We assess a selection of supreme court judgements and monetary policy decisions in various countries qualitatively against our criteria, and find that practice largely conforms to the criteria. There are some common features between supreme courts and central banks. In recent years there has been a development in the way the judgments are written in the UK Supreme Court. Earlier, each judge wrote his votum. Now they are writing a common text. With individual writing, there were many different formulations of the normative text. It is easier for the public to relate to one legislative text. The UK Supreme Court, under the presidency of Lord Neuberger, has therefore gradually moved towards writing a joint text. John Roberts, the US Chief Justice, thought that judges should be worried when they are writing separately about the effect on the court as an institution. What about the minutes of the central banks? Professor Alan Blinder at Princeton argues that a central bank that speaks with a cacophony of voices has no voice at all.
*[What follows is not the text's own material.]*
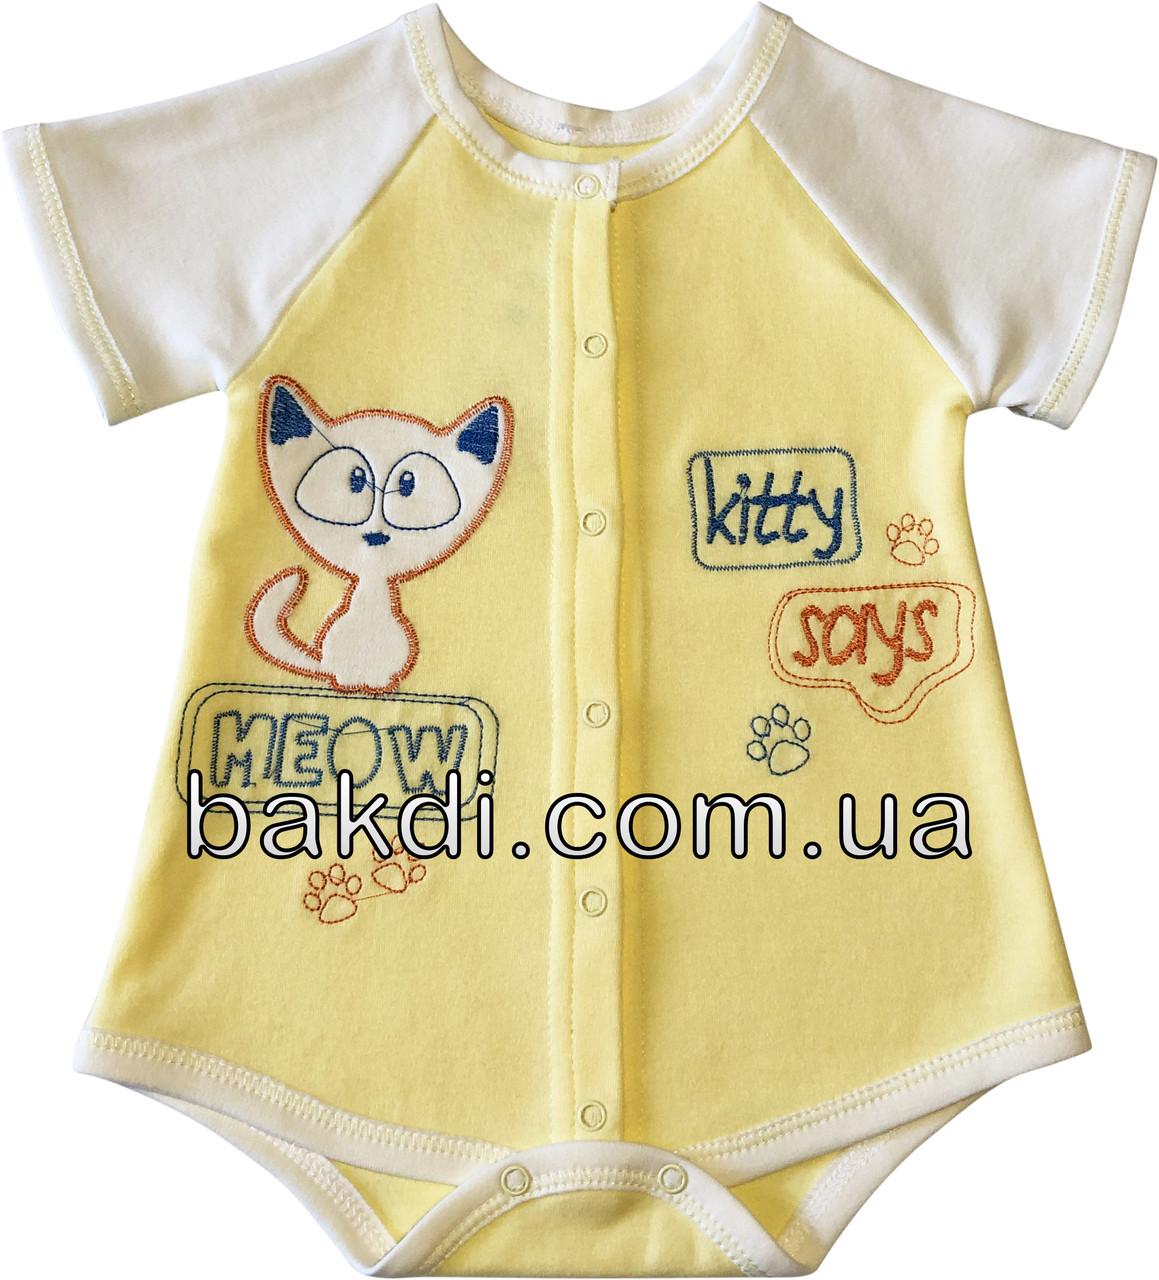 Дитяче літнє боді ріст 68 (3-6 міс.) інтерлок жовтий на хлопчика/дівчинку з коротким рукавом для
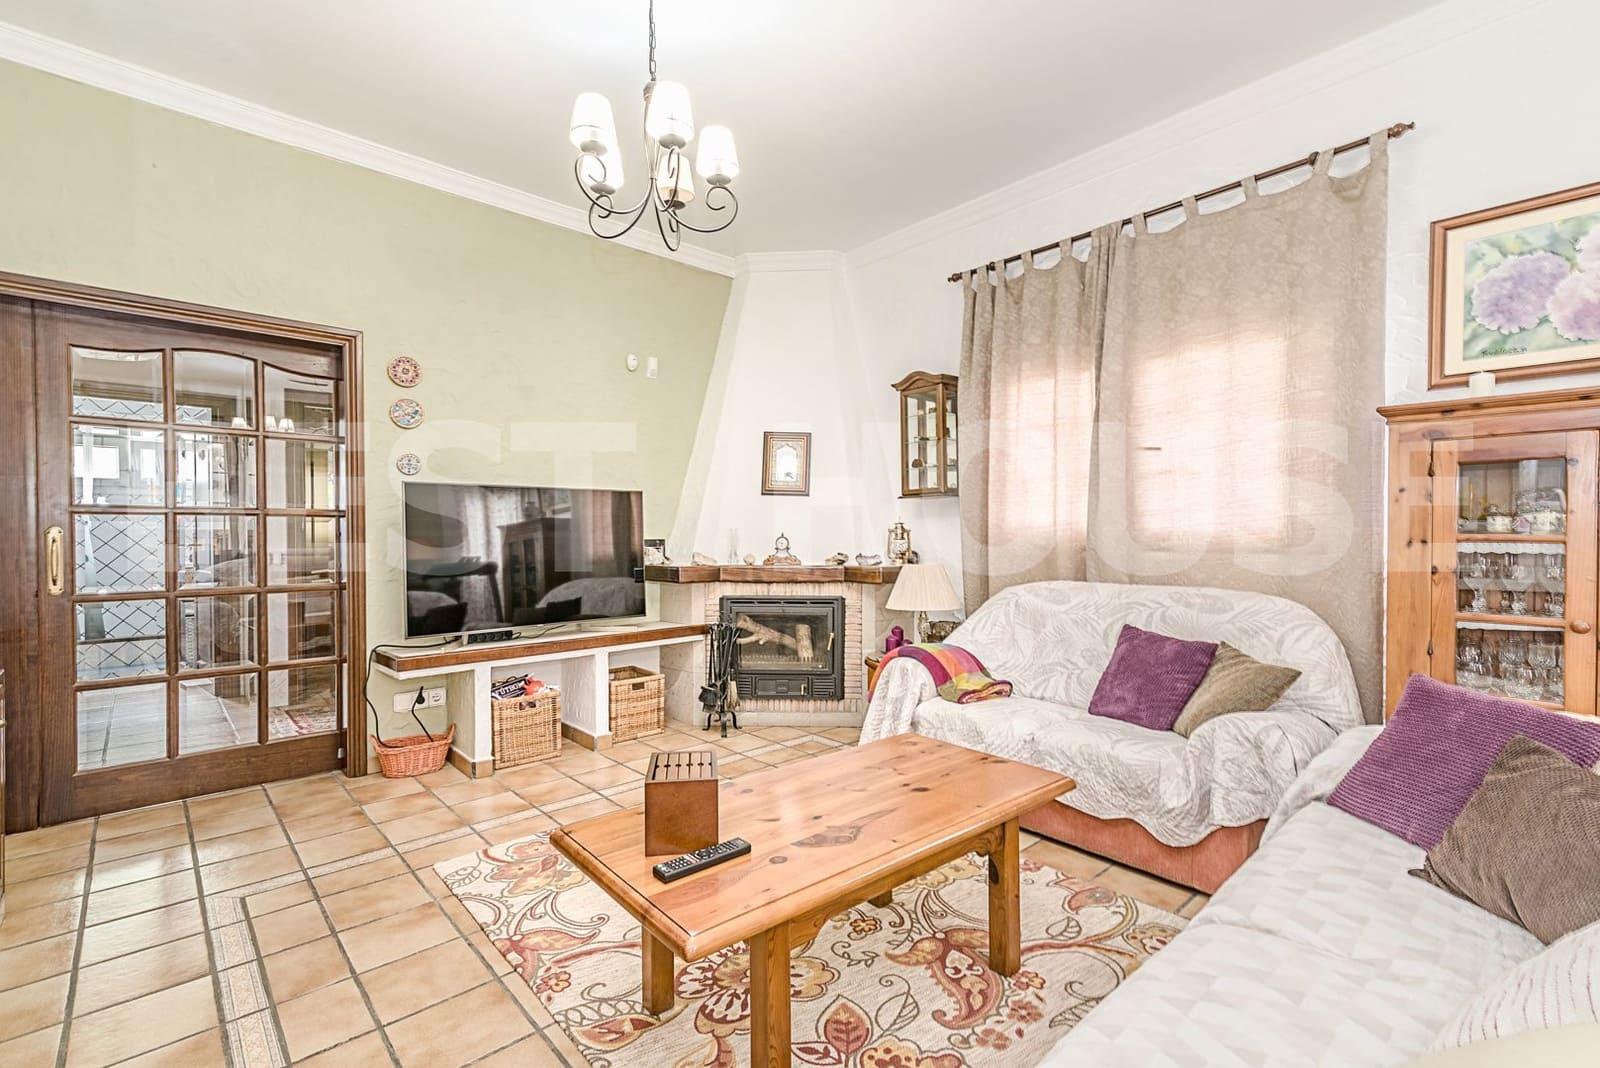 Casa de 3 habitaciones en Santa Brígida en venta con garaje - 325.000 € (Ref: 5347879)

Professor Otmar Issing, the former Chief Economist and Member of the Board of the ECB, believes that there is a danger that individual minutes provide an incentive for individual members to put themselves ahead of the institution
We also test empirically whether the institutions' decisions and the justifications for these decisions are communicated in clear language. Our analysis is inspired by Bank of England chief economist Andrew Haldane's speech "A little more conversation, a little less action", and by the report "Bankspeak: The Language of World Bank Reports 1946-2012" by Franco Moretti and Dominique Pestre at Stanford Literary Lab. We analyse more than 6,000 central bank and supreme court decisions from the past decade and find considerable differences in length and readability across countries and institutions. The grand chamber decisions of the European Court of Human Rights are by far the longest, while the European Court of Justice employs the most complex language. The Danish central bank keeps things briefest and uses the clearest language, but also has the simplest regime to explain. The Swedish central bank's minutes stand out as both long and complex, while the Norwegian central bank is unusually concise. Moretti and Pestre analysed the text of all World Bank reports and found quantitative indications that the language of the reports had moved in the wrong direction in terms of readability. We perform the same tests on central banks and supreme courts and find that these institutions' language has not moved in the same negative direction.
Former Bank of England governor Mervyn King argued that the design of an institution "must reflect history and experience", and there is no doubt that each institution's way of writing is influenced by its own history. This is what economists refer to as "path dependence". We wonder, however, whether there is rather too much path dependence in many cases, and whether the institutions in question might benefit from looking at trends and learning from other institutions both at home and abroad.
In our work on this paper, we have been particularly wary of phrases along the lines of "based on a general assessment". Alarm bells sound whenever we see them, especially with any frequency, as they are liable to conceal rather than illuminate the true rationale.